Aku mengambil beberapa kardus dari tangannya sambil terkekeh. Dalam hatiku berkata 'ini semua karena aku sayang sama kamu, El,'

"Untuk laporannya kamu buat sendiri ya, nanti kan tinggal di print aja di depan sekolah," pintaku. Sebetulnya aku mau saja membantunya membuat laporan, tapi nanti dia yang terlalu enak.

"Oke deh, aku bikin laporannya dulu," katanya menyanggupi.

"Ka, makan mie rebus dikantin yok, enak kan hujan-hujan makan mie rebus," ajak Bela.

Ya. Memang keadaan hari itu sedang turun hujan. Hujan yang membawa seribu kenangan.

"Ayok deh," sahutku.

Setelah kembali dari kantin, Rafael mengajakku pergi ng-print di depan sekolah.

"Ayok temani, sebentar aja tu," pintanya.

"Mager ih, hujan soalnya,"

"Ayolah, tinggal gerimis aja tu," katanya bersikukuh mengajakku.

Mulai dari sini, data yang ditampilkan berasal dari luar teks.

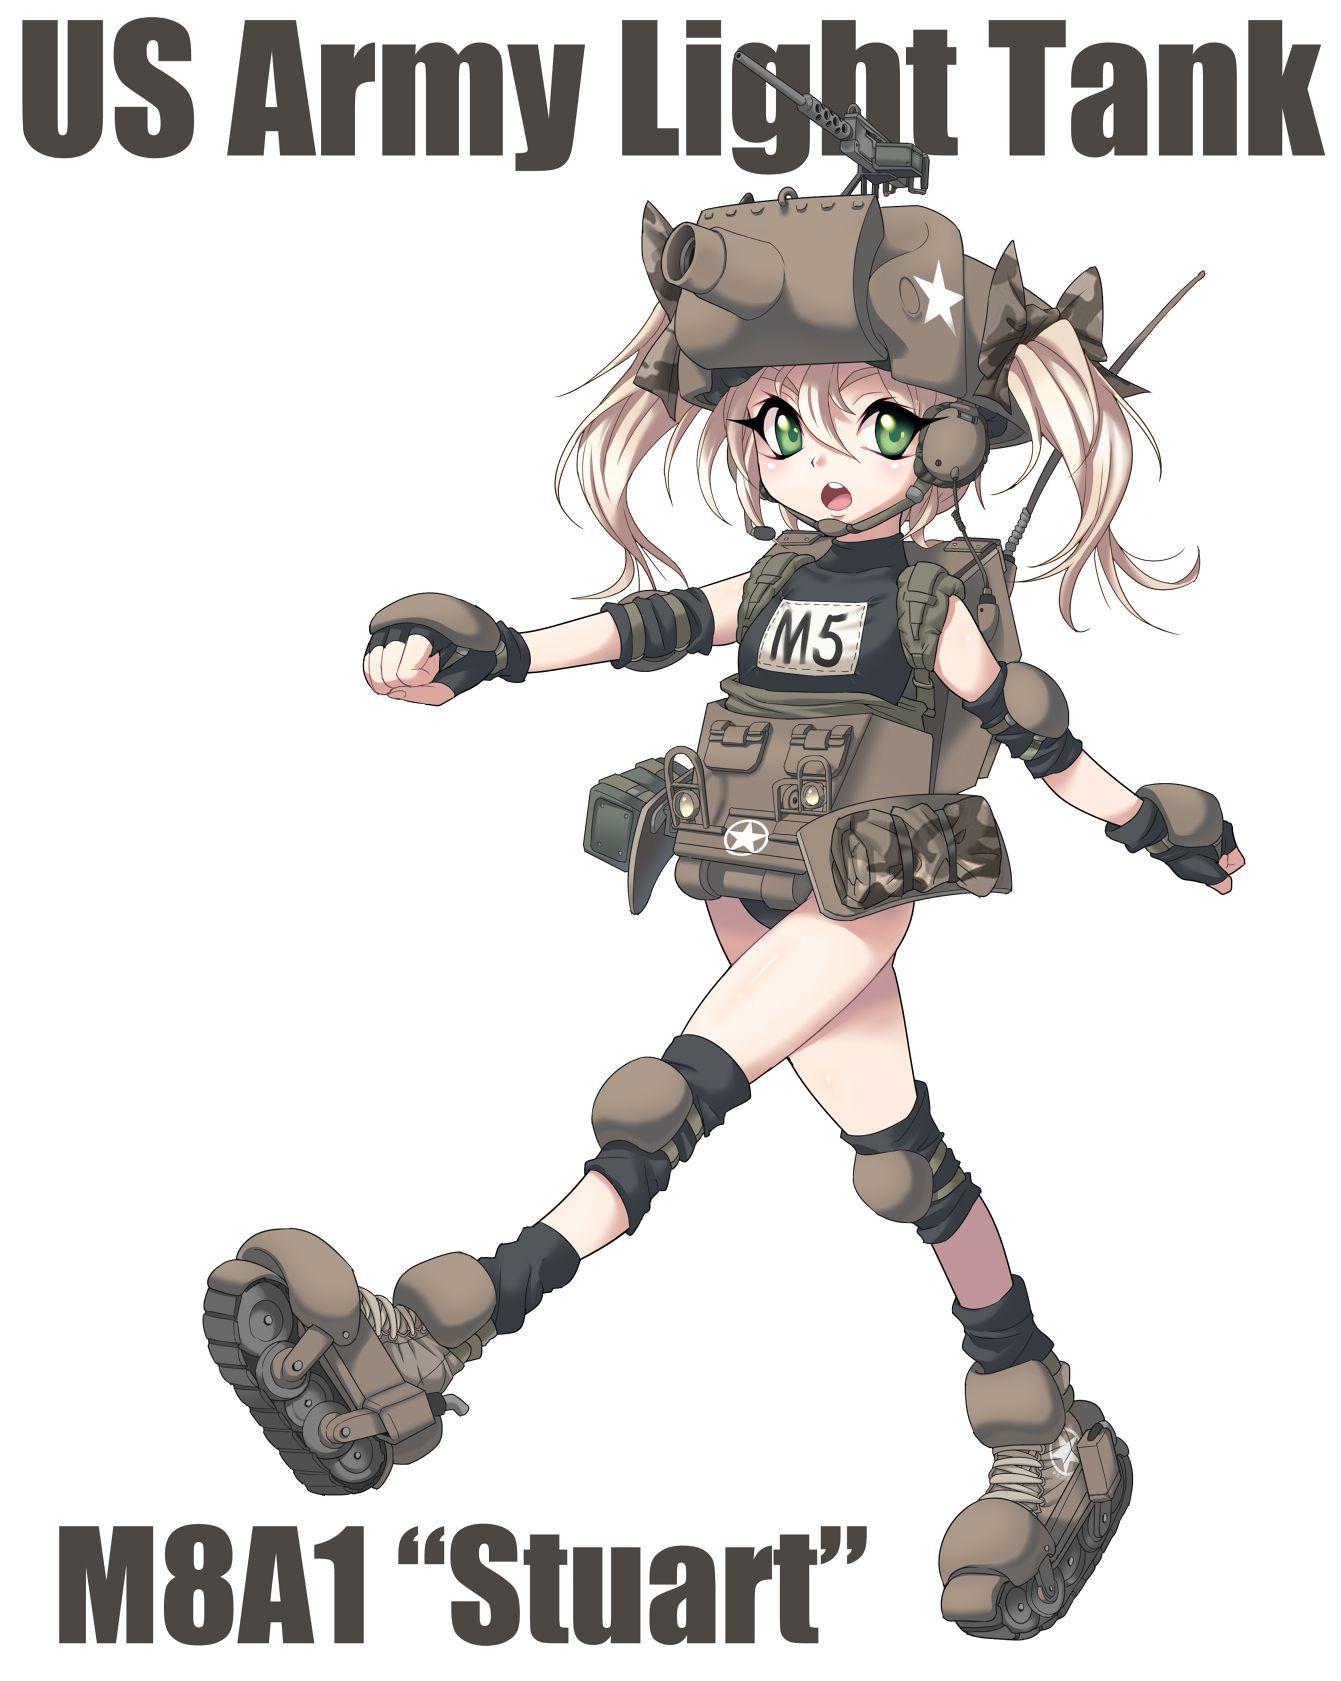 Mecha Musume Anime Tank Tank Girl Anime Military

Dan ya, aku tidak mungkin menolak.

Selama perjalanan, banyak sepasang mata yang melihat ke arah kami. Ya wajar, karena Rafael begitu populer di kalangan sekolah.

Ada beberapa dari mereka yang berbisik sinis menatap kami. Tapi semua itu aku abaikan hanya demi dia. demi dia.

Sepulang dari ng-print, dia langsung menemui guru mata pelajaran Prakarya dan Kewirausahaan.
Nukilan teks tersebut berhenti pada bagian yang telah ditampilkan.